Molecular Biology of the Cell ◽

10.1091/mbc.e06-11-1000 ◽

2007 ◽

Vol 18 (5) ◽

pp. 1803-1815 ◽

Cited By ~ 37

Author(s):

Alenka Čopič ◽

Trevor L. Starr ◽

Randy Schekman

Keyword(s):

Saccharomyces Cerevisiae ◽

Cell Surface ◽

Protein Transport ◽

Adaptor Protein ◽

Additional Function ◽

Trans Golgi Network ◽

Cargo Proteins ◽

Clathrin Adaptor ◽

Dependent Transport ◽

Golgi Network

The phosphoinositide-binding proteins Ent3p and Ent5p are required for protein transport from the trans-Golgi network (TGN) to the vacuole in Saccharomyces cerevisiae. Both proteins interact with the monomeric clathrin adaptor Gga2p, but Ent5p also interacts with the clathrin adaptor protein 1 (AP-1) complex, which facilitates retention of proteins such as Chs3p at the TGN. When both ENT3 and ENT5 are mutated, Chs3p is diverted from an intracellular reservoir to the cell surface.

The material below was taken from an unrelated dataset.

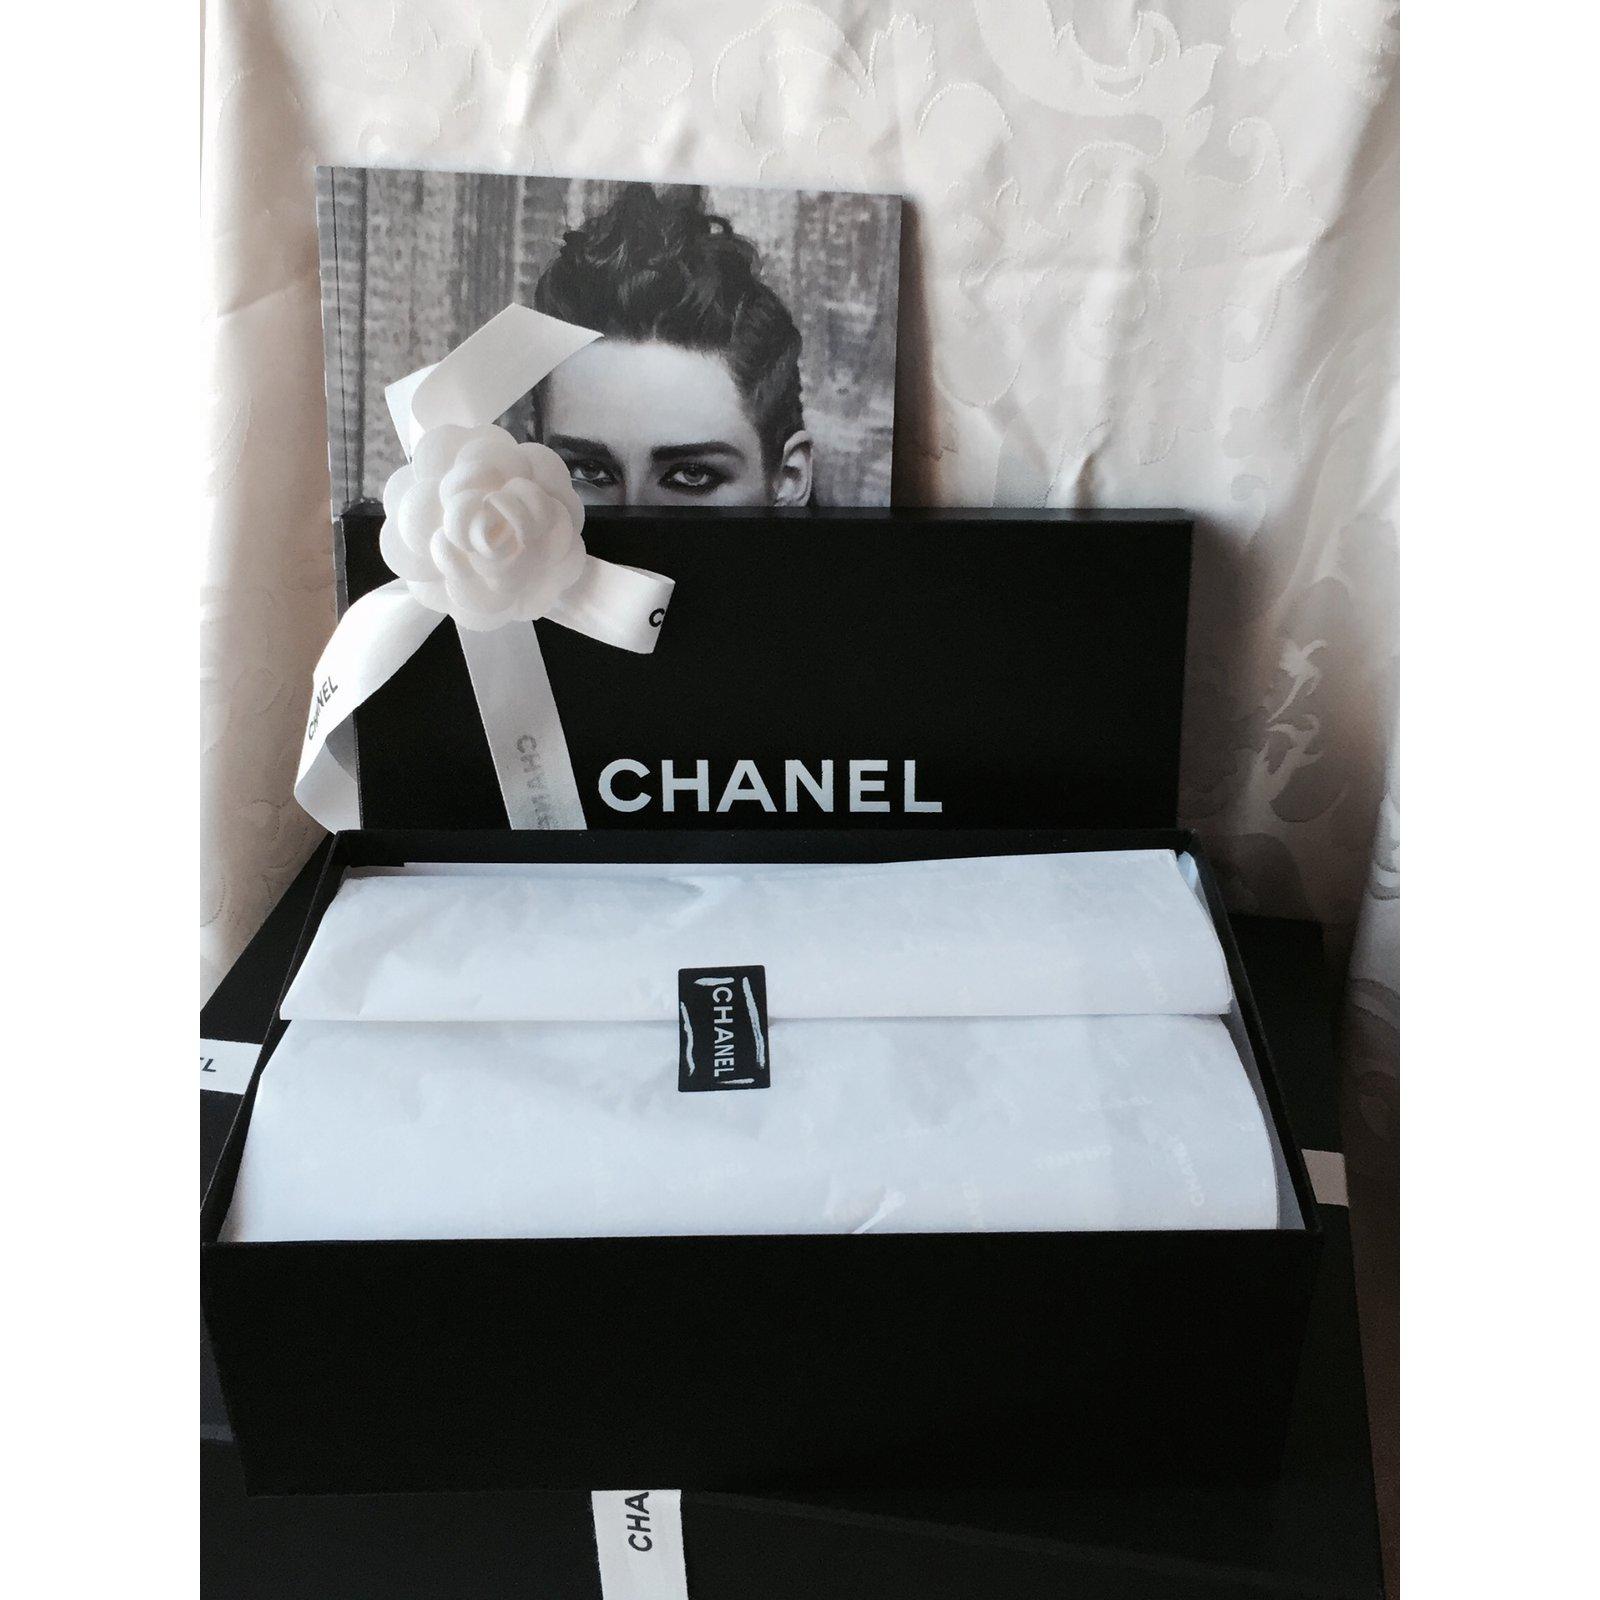 Chanel Sandals Sandals Leather Golden Ref 37566 Joli Closet
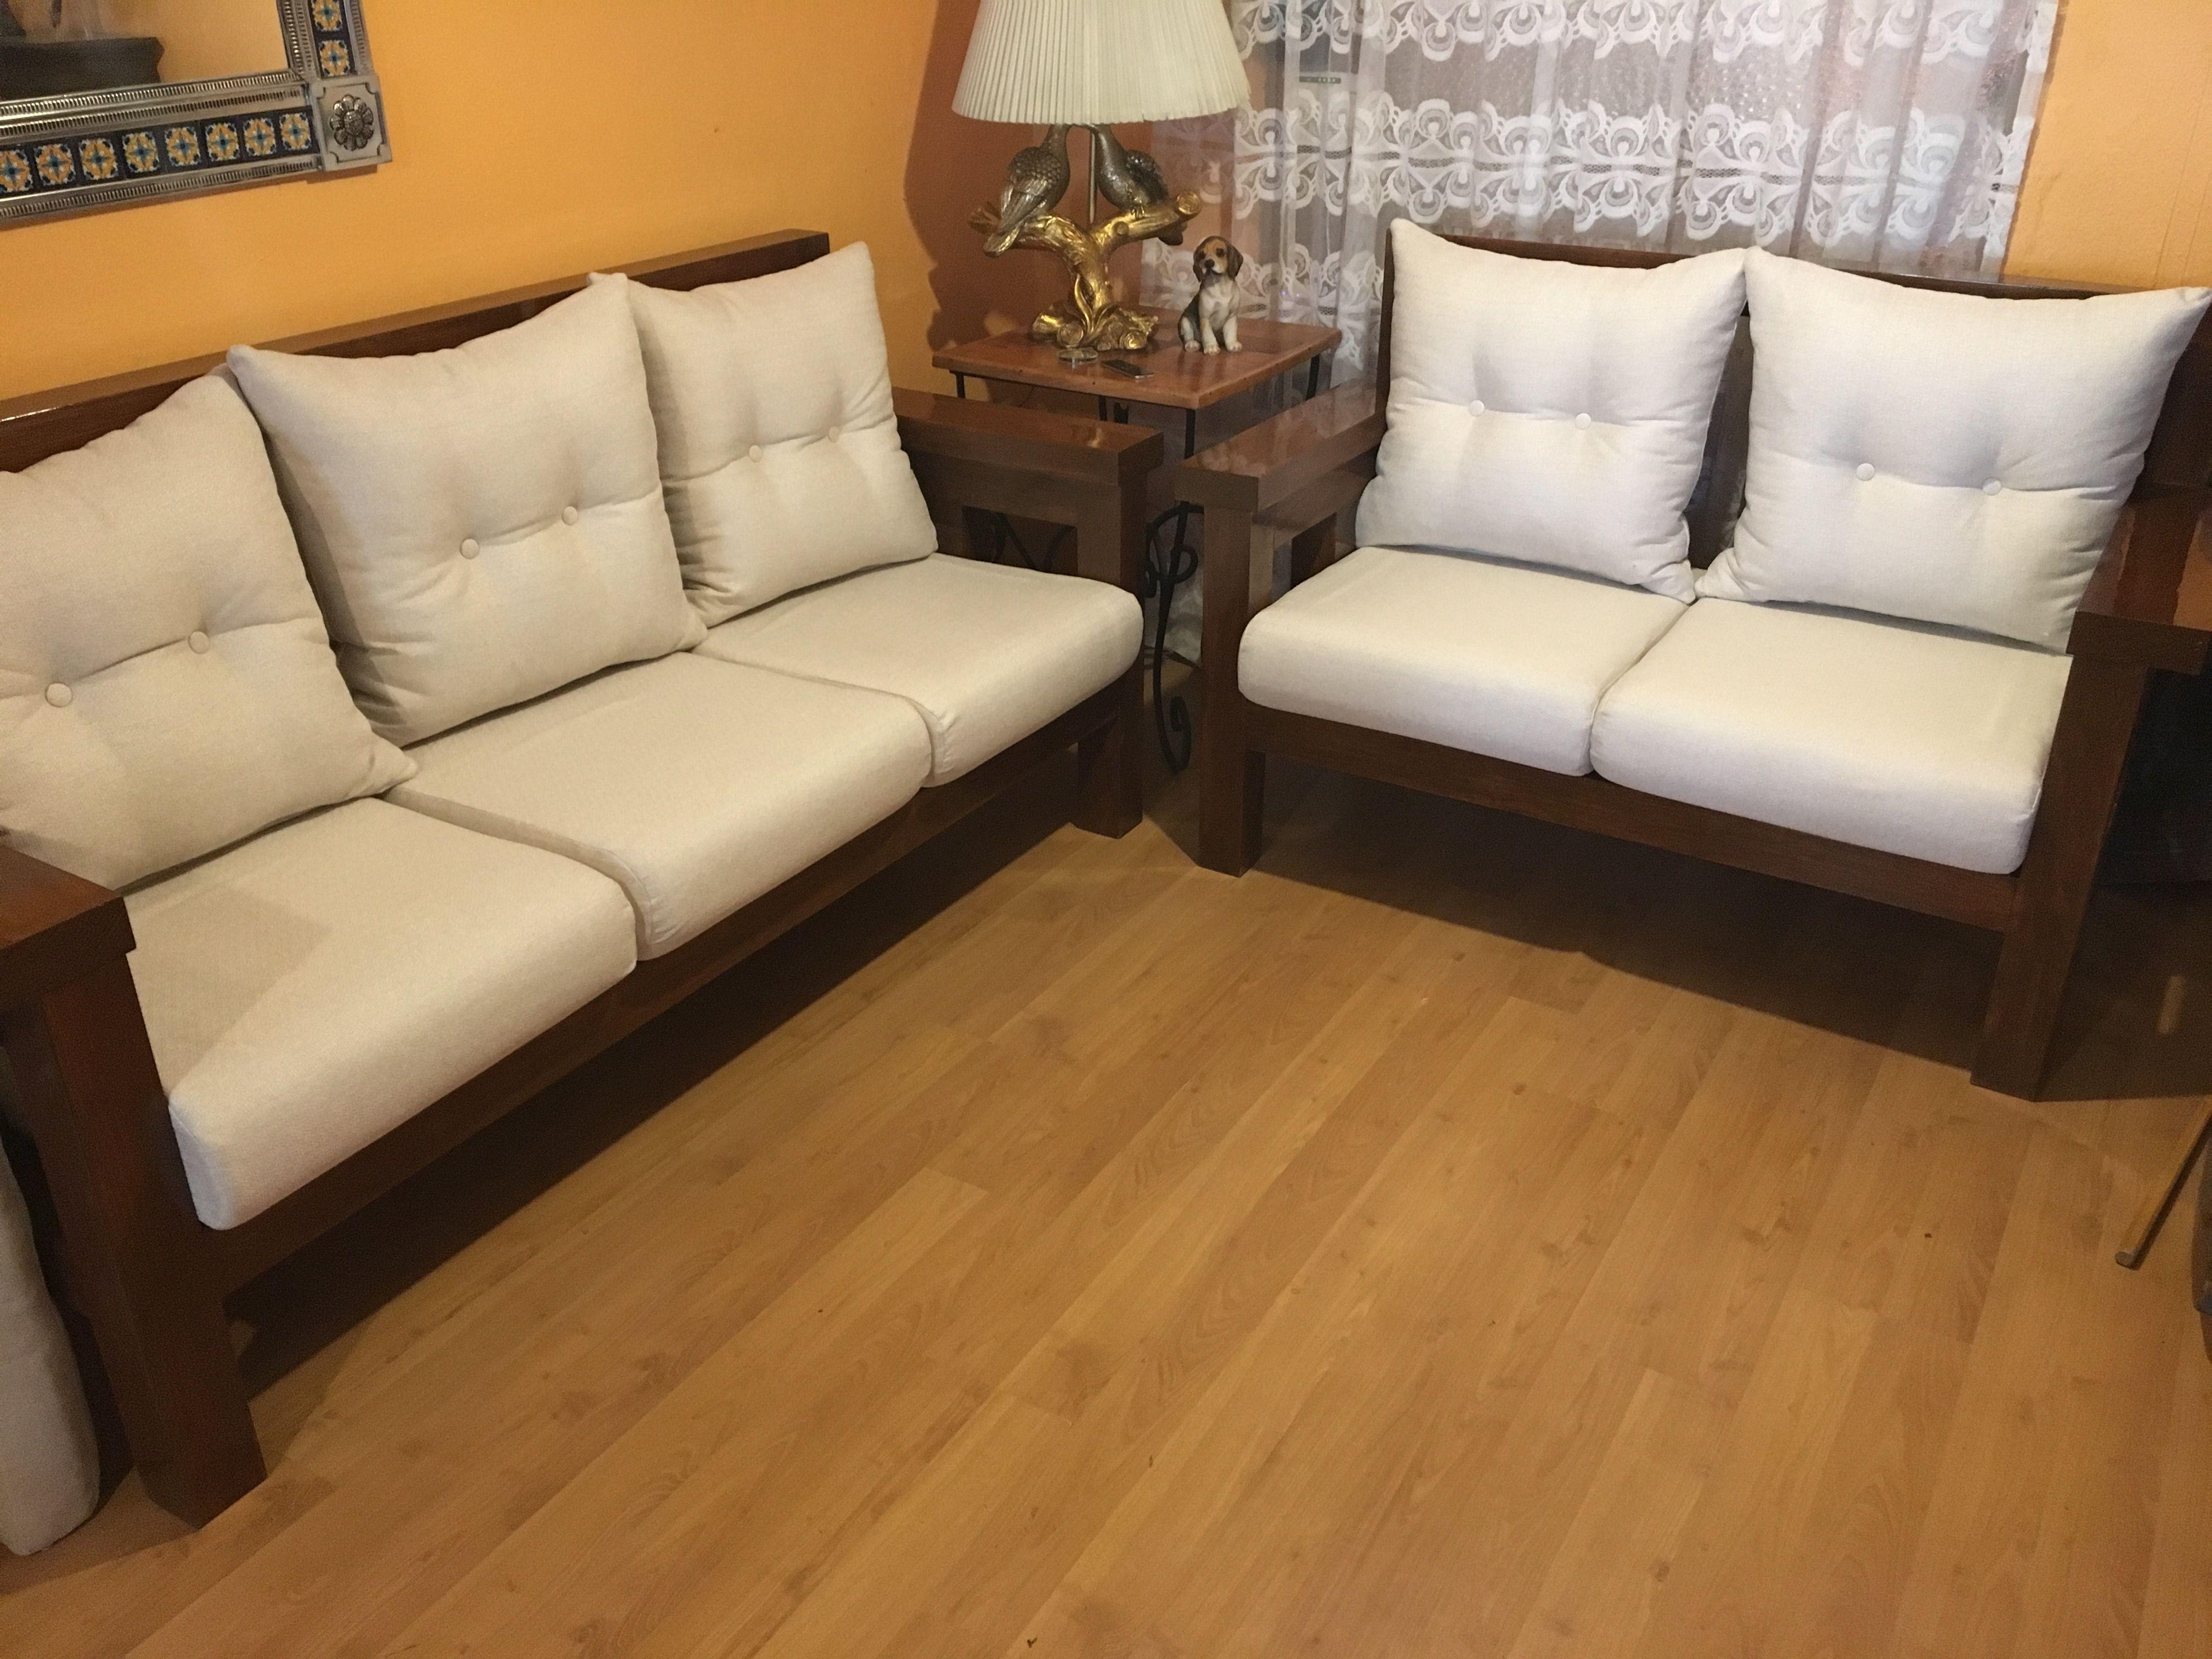 Muebles de madera para sala. Sofá de madera realizado sobre diseño ...

However, Ent3p and Ent5p are not required for the function of AP-1, but rather they seem to act in parallel with AP-1 to retain proteins such as Chs3p at the TGN. They have all the properties of clathrin adaptors, because they can both bind to clathrin and to cargo proteins. Like AP-1, Ent5p binds to Chs3p, whereas Ent3p facilitates the interaction between Gga2p and the endosomal syntaxin Pep12p. Thus, Ent3p has an additional function in Gga-dependent transport to the late endosome. Ent3p also facilitates the association between Gga2p and clathrin; however, Ent5p can partially substitute for this function. We conclude that the clathrin adaptors AP-1, Ent3p, Ent5p, and the Ggas cooperate in different ways to sort proteins between the TGN and the endosomes.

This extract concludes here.